E questo si divulga sui social, certo, ma soprattutto dietro ai fornelli e, per Roe, anche attraverso lo schermo della televisione. Lo fa con la conduzione di Counter Space, show prodotto da Vice che indaga le intersezioni di politica, cibo e società (la prima stagione del programma le è valsa la candidatura a due Daytime Emmy); e dalle pareti di Apartment Miso, studio di cucina (e contaminazione) da lei fondato. Per il suo attivismo ha ricevuto, nel 2022, il James Beard Award come Emerging Voice.

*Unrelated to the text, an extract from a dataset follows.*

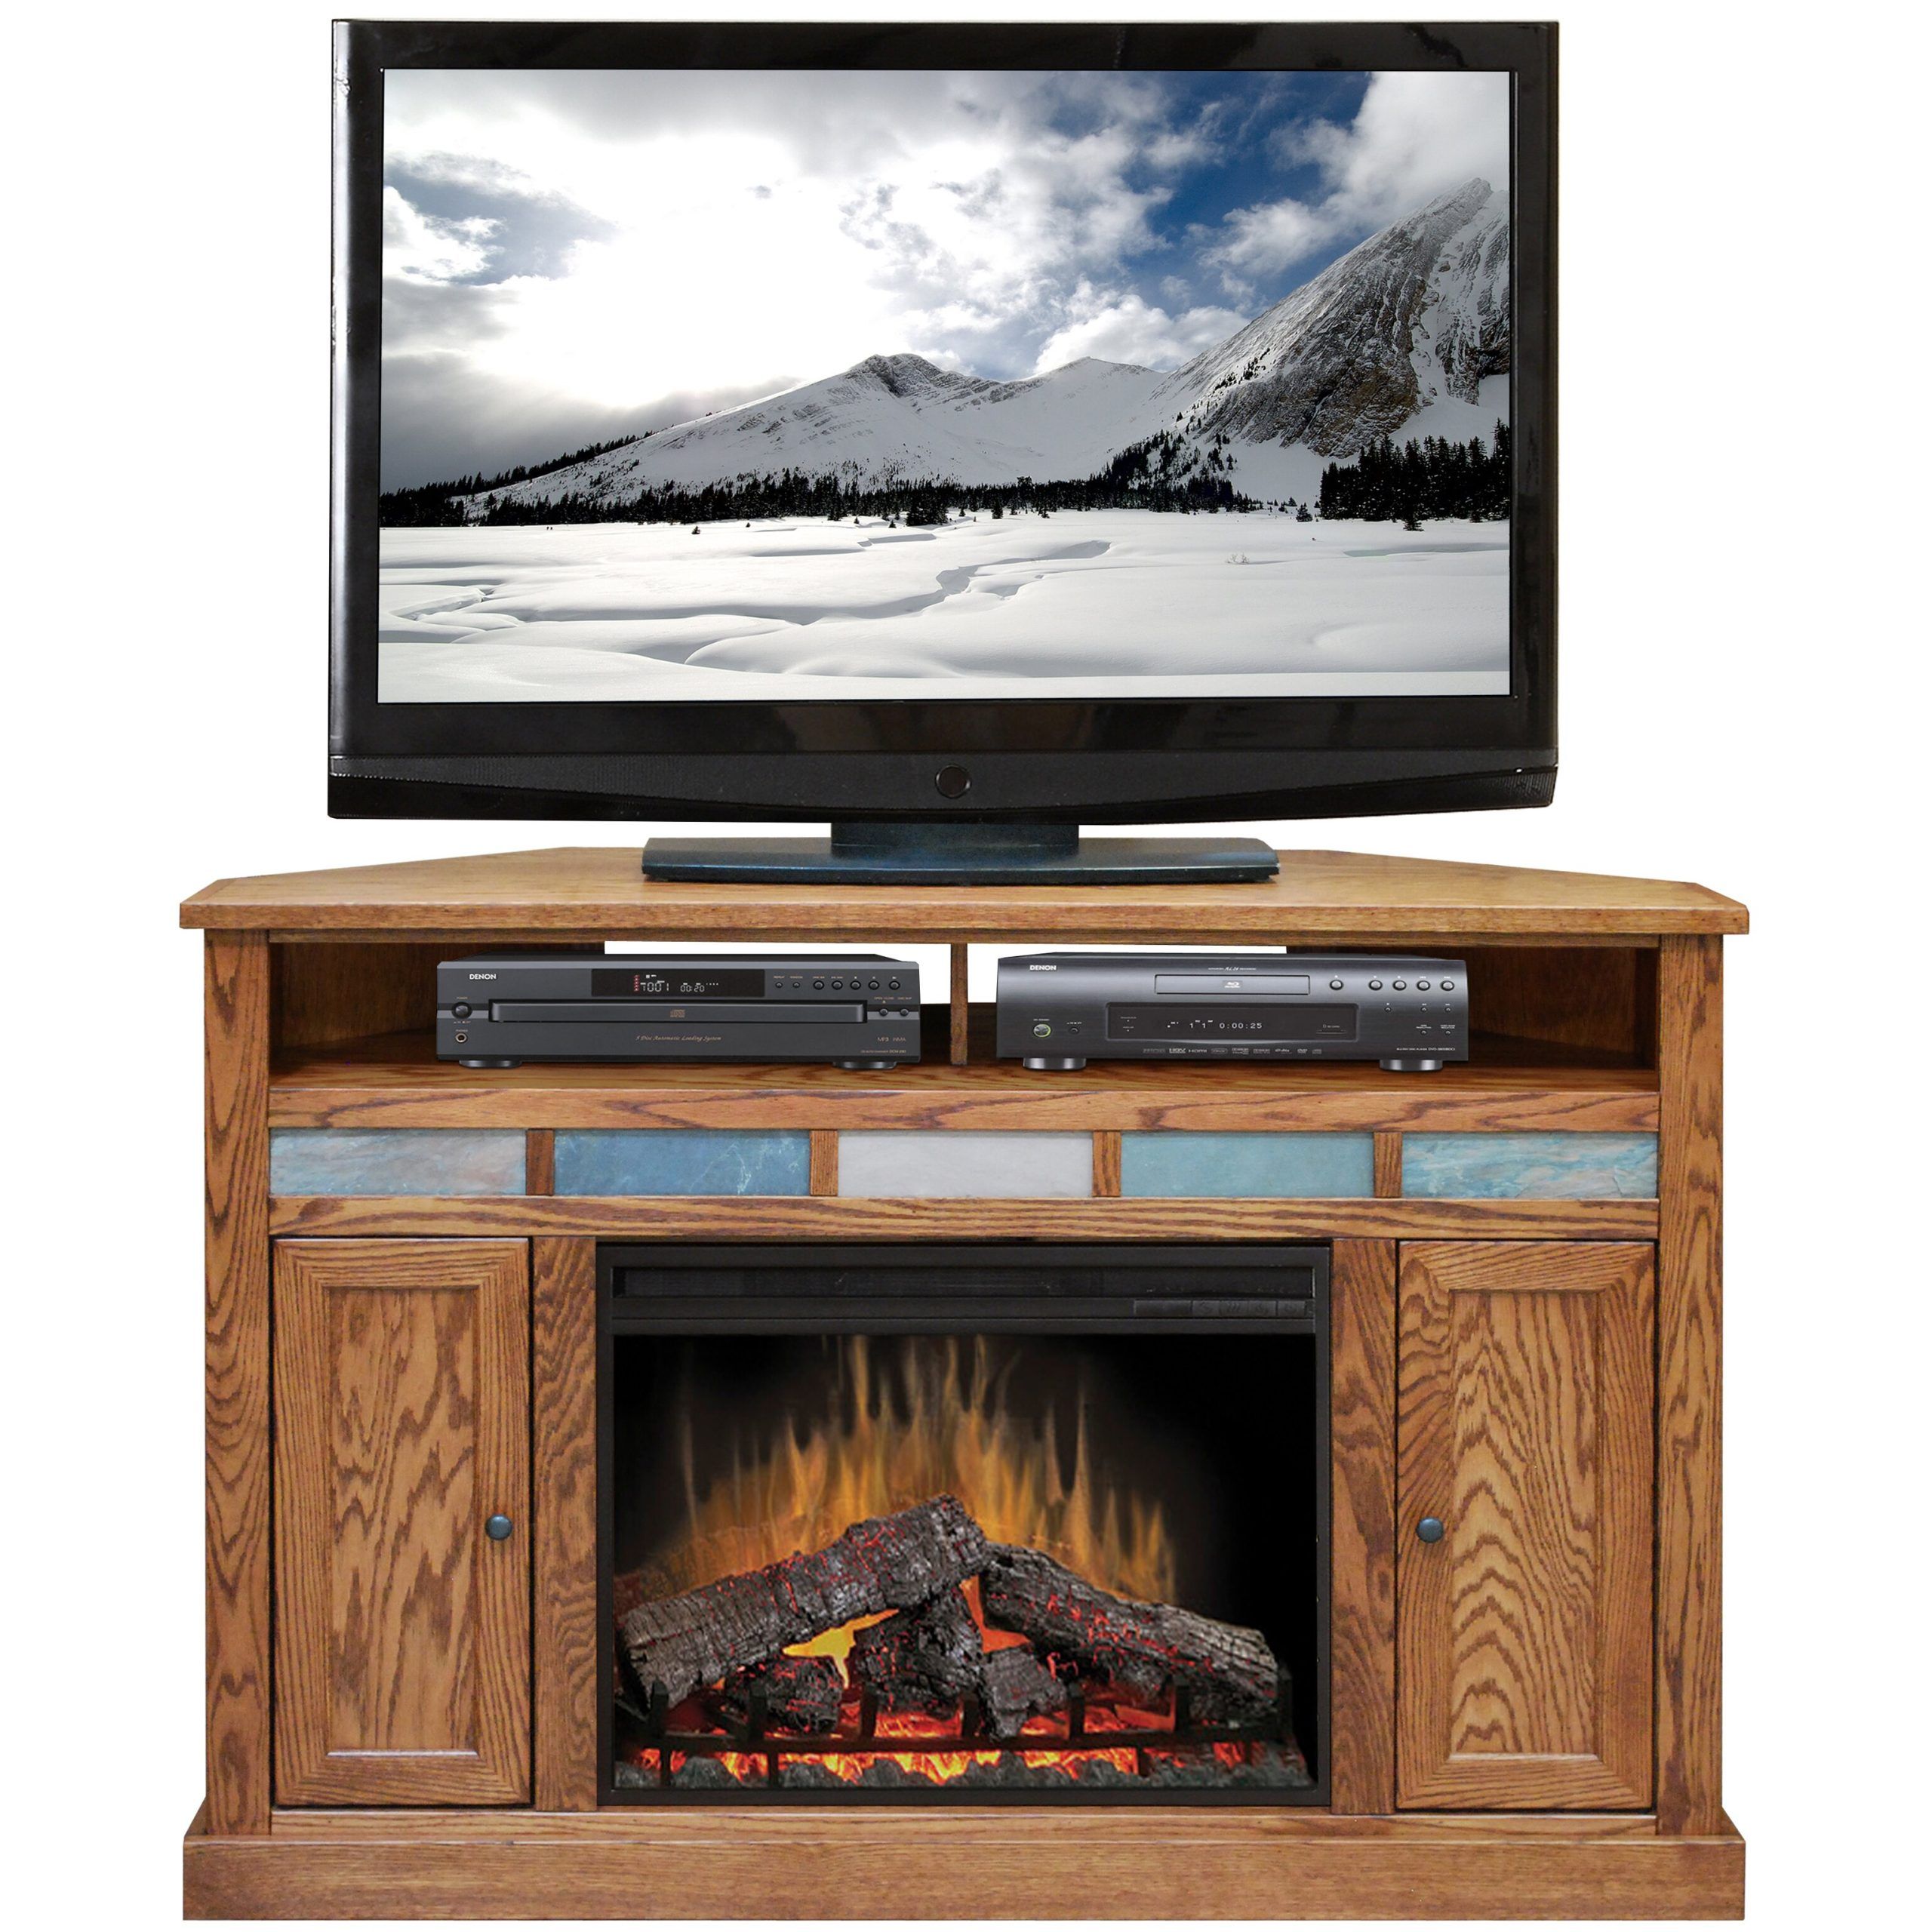 Legends Furniture Oak Creek Tv Stand With Electric Fireplace & Reviews Throughout Electric Fireplace Tv Stands (View 20 of 20)

Con Roe abbiamo parlato a ridosso della sua visita in Italia in occasione del Salone del Mobile, dove la chef ha portato, insieme a Family Style (magazine di cui è Food Editor) e all’olandese Studio DRIFT (e i suoi fondatori Lonneke Gordijn e Ralph Nauta) l’installazione Objects of Affection, in cui Roe ha trasformato la preparazione del pane in un gesto di ricerca: nata senza legami famigliari forti e senza le classiche “ricette della tradizione” che loro competono, il cibo cotto più ancestrale diventa il punto di partenza per costruire la propria comunità e dare un significato nuovo a parole che usiamo senza soppesare. Perché sull’amore non c’è il “quanto basta”, e a occhio non si può andare.
Al Salone del Mobile di Milano hai lavorato il pane davanti a tutti, ripetendo il gesto per tanto tempo, come una performance artistica. Lo era, per te?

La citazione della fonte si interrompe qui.